ICONIP2025 Tutorial 1

Mathematical theories of Deep Foundation Models

Date: November 20, 2025
Time: 10:00–12:00
Location: Auditorium

Tutorial slide: Main presentation slide.

Appendix I: Optimization theory of neural network to estimate Gaussian single index models.
Appendix II: Computational complexity for ICL and its test time feature learning.
Appendix III: Theory of chain of thought.

Tutorial Organizer

Taiji Suzuki (The University of Tokyo / RIKEN-AIP)

Abstract

This lecture explains the mathematical theory for understanding the learning capabilities of deep foundation models. While the development of the deep foundation models is driven by the scaling law, a theoretical understanding of the learning principles behind the scaling law is increasingly important.

Generalization is essential for biological intelligence, as organisms must adapt to changing environments and select appropriate actions. To achieve superior generalization, it is necessary to acquire compressed representations that avoid rote memorization, making representation learning and feature learning fundamental. It has been theoretically shown that deep learning naturally achieves feature learning through its deep structure, thereby gaining various advantages in generalization. This is particularly crucial for diffusion models and Transformers.

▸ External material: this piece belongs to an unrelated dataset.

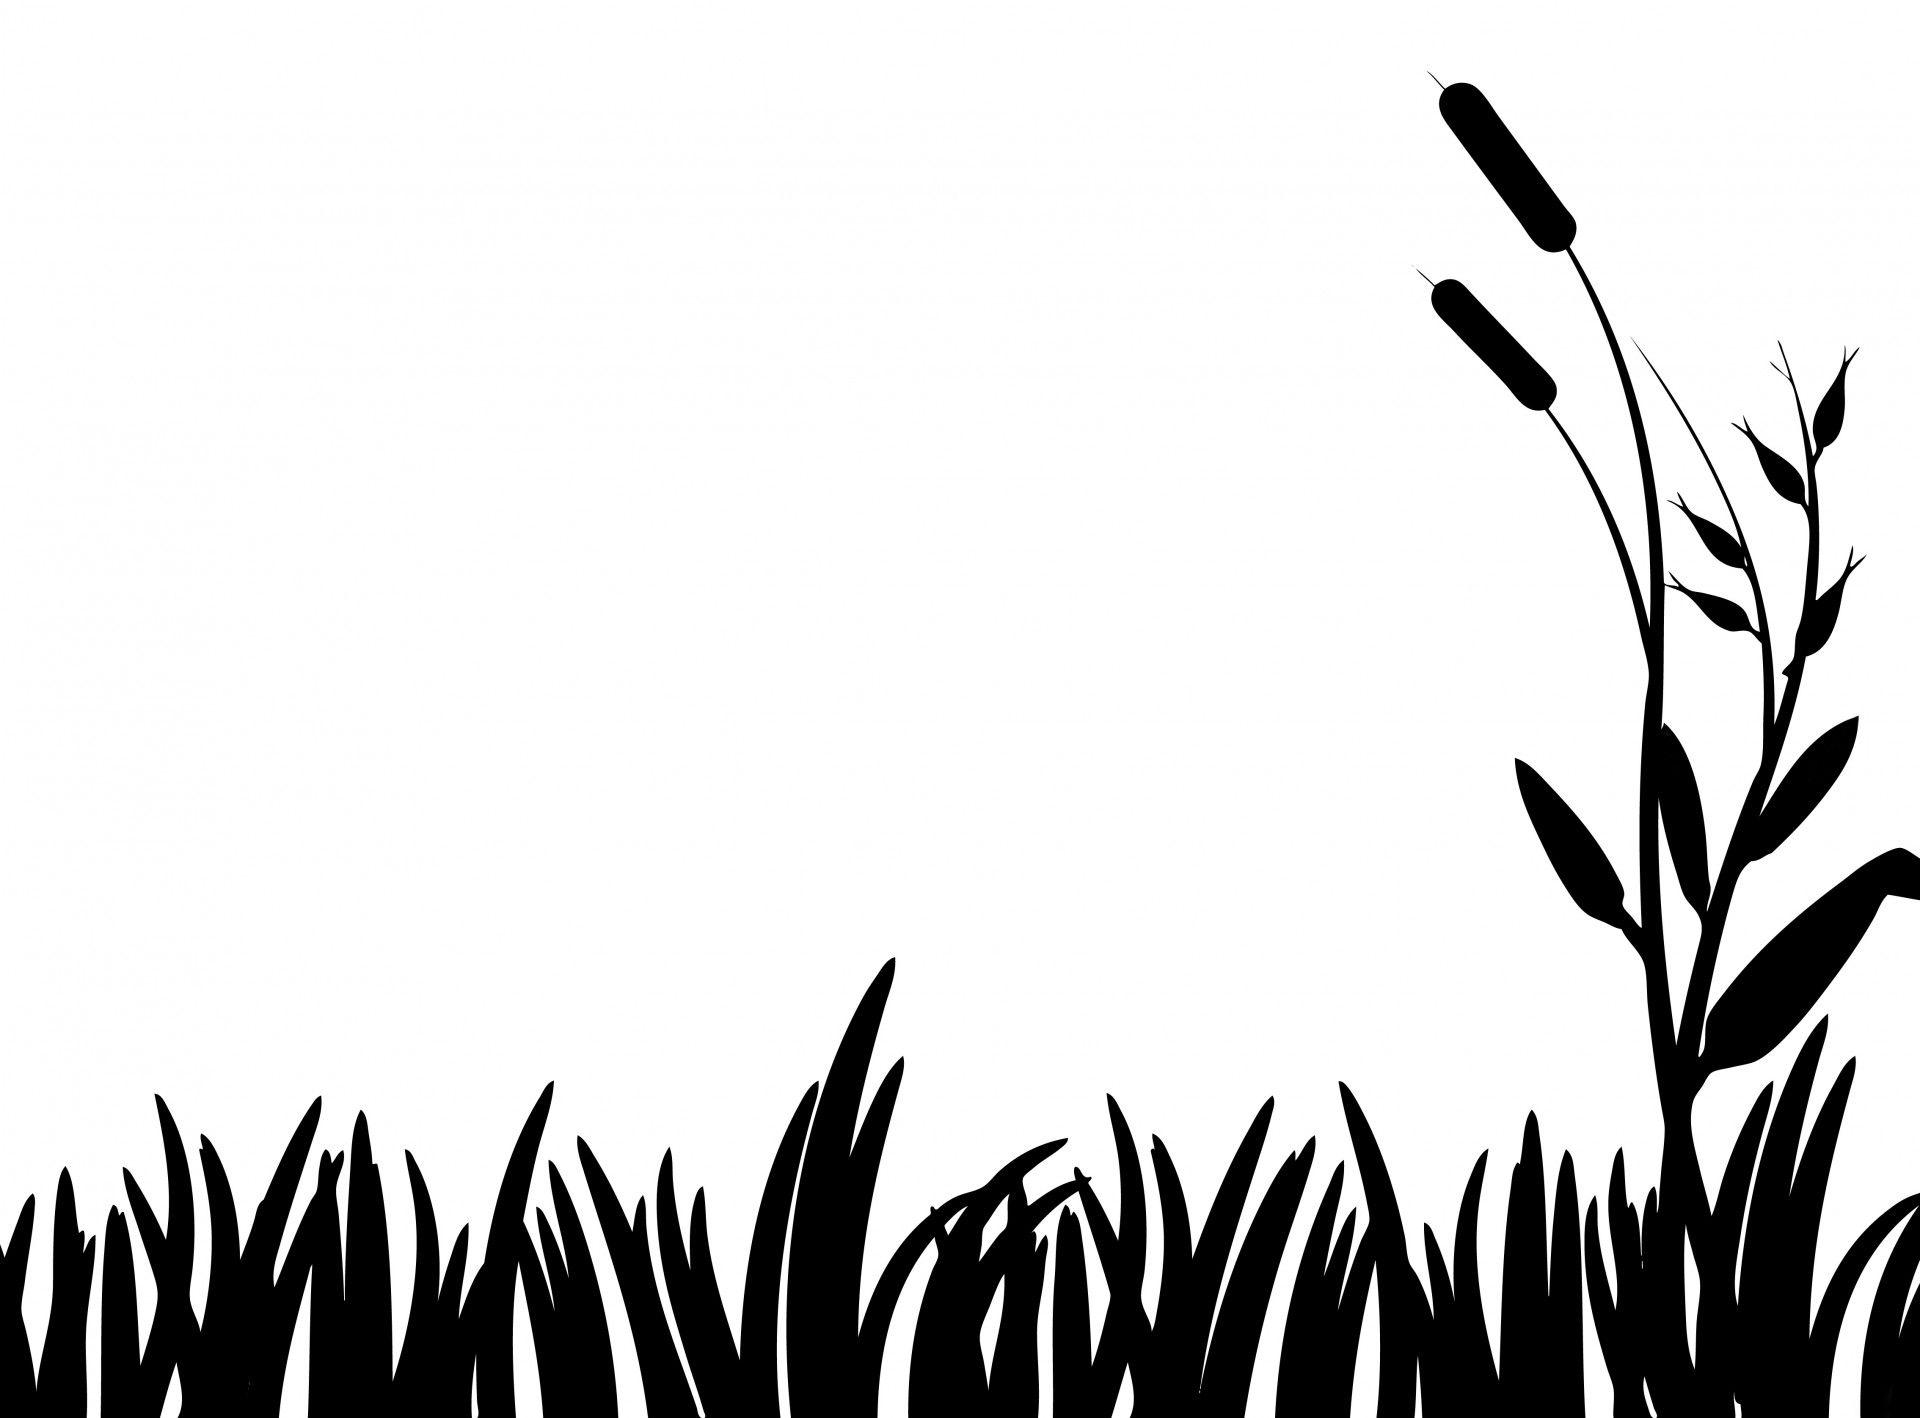 Stencils . Clipart grass silhouette

However, due to the non-convexity of the loss function, it is not obvious whether appropriate features can be acquired by stochastic gradient descent. This lecture will also cover the theoretical guarantees for this process. Furthermore, feature learning is significant not only during pre-training but also during test-time inference. This will be demonstrated concisely using in-context learning as an example. Additionally, as a theory of test-time inference, the principles by which chain-of-thought and reinforcement learning improve learning efficiency will be introduced.

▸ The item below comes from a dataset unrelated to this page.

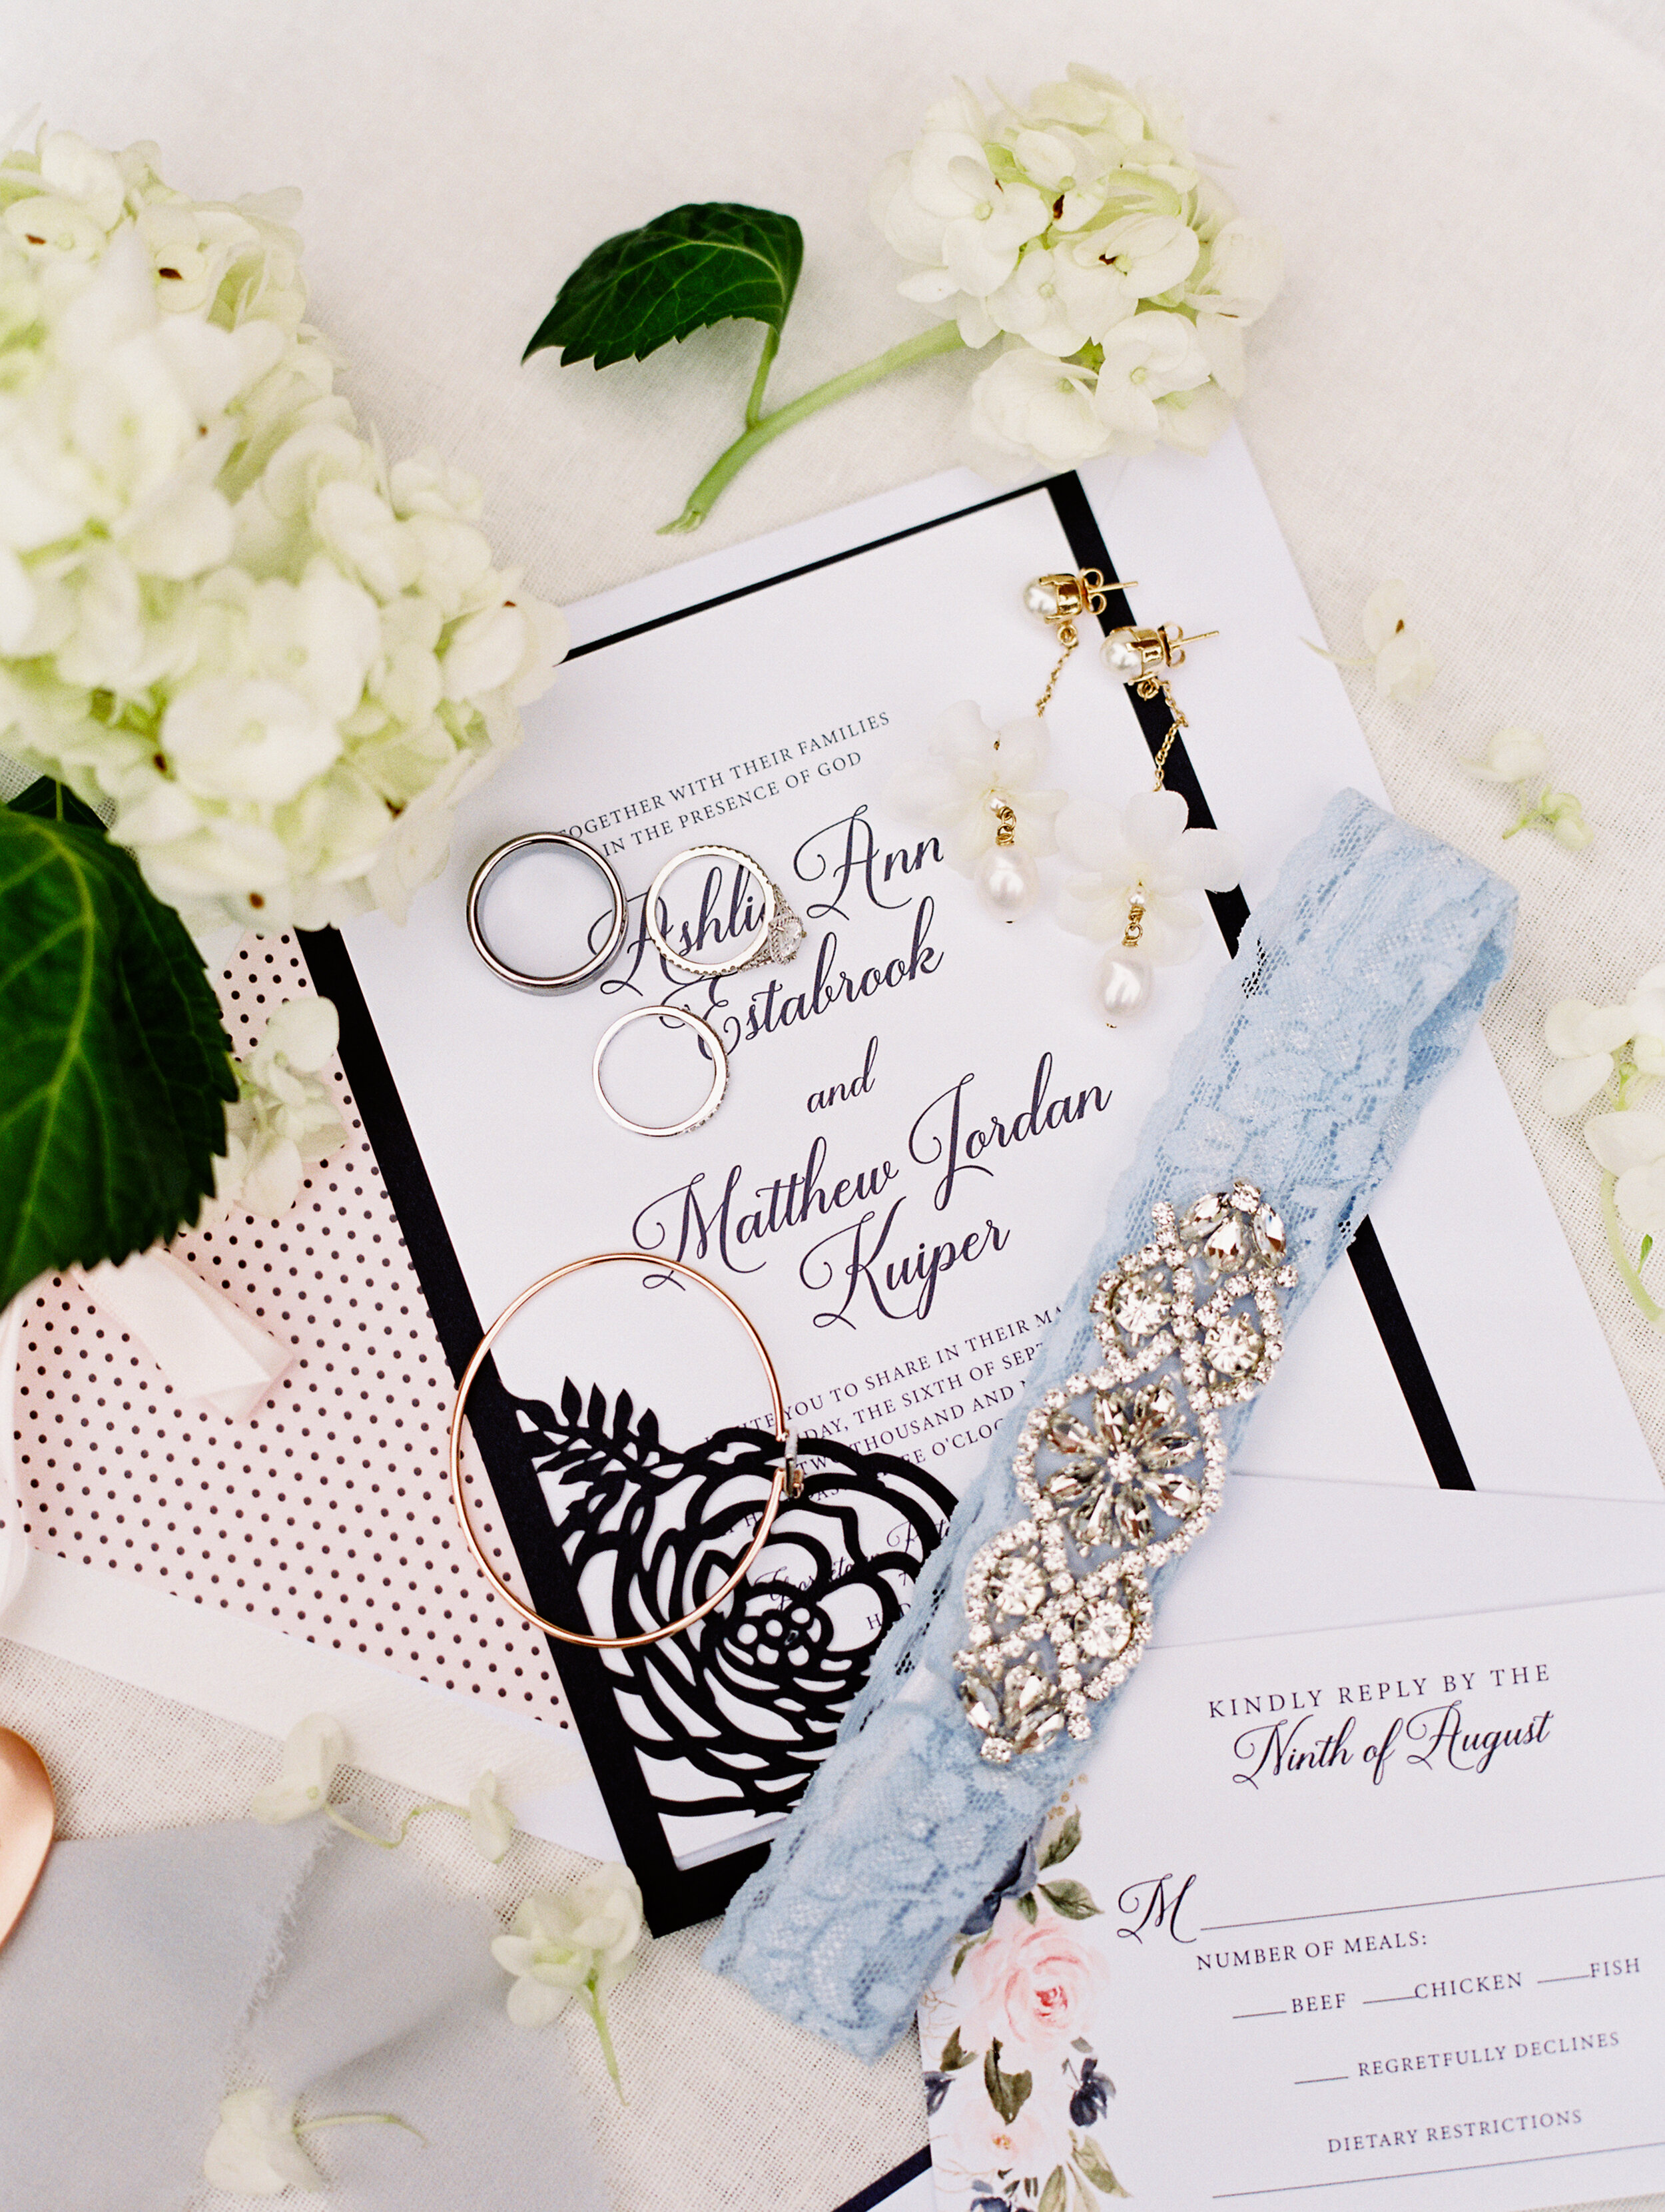 Kuiper+Wedding+Details-32.jpg

Short bio of the organizer

Taiji Suzuki is currently a full Professor in the Department of Mathematical Informatics at the University of Tokyo. He also serves as the team director of “Deep learning theory” team in AIP-RIKEN. He received his Ph.D. degree in information science and technology from the University of Tokyo in 2009. He worked as an assistant professor in the department of mathematical informatics, the University of Tokyo between 2009 and 2013, and then he was an associate professor in the department of mathematical and computing science, Tokyo Institute of Technology between 2013 and 2017. After that, he was an associate professor in the department of mathematical informatics at the University of Tokyo between 2017 and 2024.

He served as area chairs of premier conferences such as NeurIPS, ICML, ICLR and AISTATS, a program chair of ACML2019, and an action editor of the Annals of Statistics. He received the Outstanding Paper Award at ICLR in 2021, the MEXT Young Scientists’ Prize, and Outstanding Achievement Award in 2017 from the Japan Statistical Society. He is interested in deep learning theory, nonparametric statistics, high dimensional statistics, and stochastic optimization. In particular, he is mainly working on deep learning theory from several aspects such as representation ability, generalization ability and optimization ability. He also has devoted stochastic optimization to accelerate large scale machine learning problems including variance reduction methods, Nesterov’s acceleration, federated learning and non-convex noisy optimization.